Não é nossa culpa esse grau de distância e incompreensão mútua. Não é um sinal de que a vida deu errado. É o que deveríamos saber desde o início e, se assim fazemos, podemos colher alguns benefícios. Uma vez que aceitamos a solidão podemos ser mais criativos, enviar mensagens ao mundo, podemos cantar, escrever poesia, produzir livros e blogs e outras atividades que nascem da percepção de que as pessoas ao nosso redor nunca conseguirão nos entender completamente, mas outros, distantes no tempo e no espaço, podem conseguir. Do mesmo modo que podemos ter contato com um poeta do primeiro século ou ouvir a música de um cantor que descreve exatamente nossa tristeza em uma balada dos anos oitenta.

A solidão nos torna mais capazes de uma verdadeira intimidade se oportunidades melhores surgem. Melhora o contato que temos conosco mesmos, nos dá caráter. Não ficamos apenas repetindo o que todos pensam. Desenvolvemos nossos próprios pontos de vista.
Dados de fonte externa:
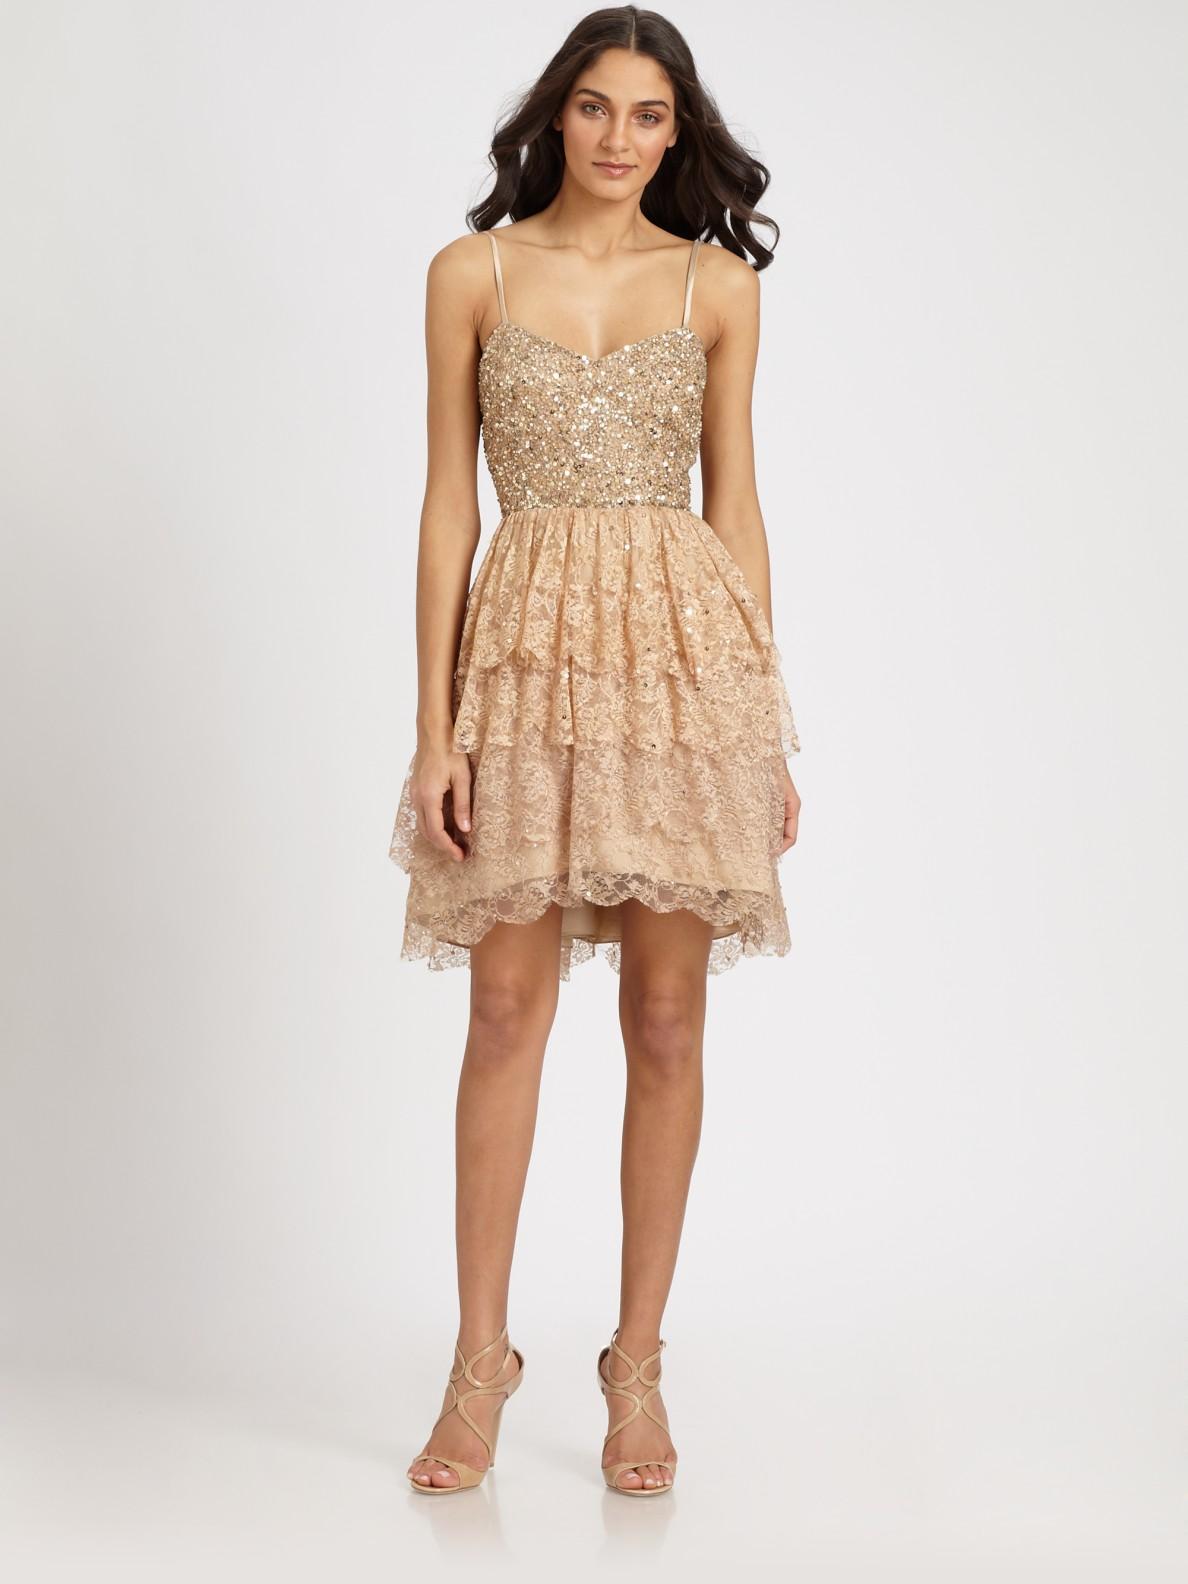 Lyst - Aidan Mattox Sequined Lace Dress in Metallic

Podemos estar isolados por um tempo, mas seremos mais capazes de vínculos mais próximos e mais interessantes com as pessoas que eventualmente encontrarmos.

A solidão até nos torna mais elegantes, misteriosos, sedutores. Sugere que há mais sobre nós a ser descoberto e compreendido do que os padrões normais de relações sociais costumam acomodar. Não precisamos nos envergonhar de nossa solidão. Podemos até nos orgulhar dela.

Em geral nos impedidos de experimentar o sentimento de solidão por medo, por termos sido ensinados que isso não é bom, que temos que ser populares. Mas, quando admitimos nossa solidão e ficamos com ela, só assim ingressados num seleto clube que inclui as pessoas que conhecemos através das pinturas de Van Gogh, dos poemas de Baudelaire, das canções de Belchior. Sozinhos, nós fazemos parte de uma longa e grande tradição e estamos, surpreendentemente em grande companhia.

Apreciar a solidão é invariavelmente melhor do que sofrer com compromissos de falsa comunidade. A solidão é simplesmente um preço que talvez tenhamos que pagar por manter uma visão sincera e ambiciosa do que o companheirismo deve e poderia ser.

Krishnamurti nos diz que somente aquele que é capaz de ficar só pode realmente amar. Se estamos em uma relação com medo de ficarmos sós, isso é um tipo de uso e nunca pode ser amor.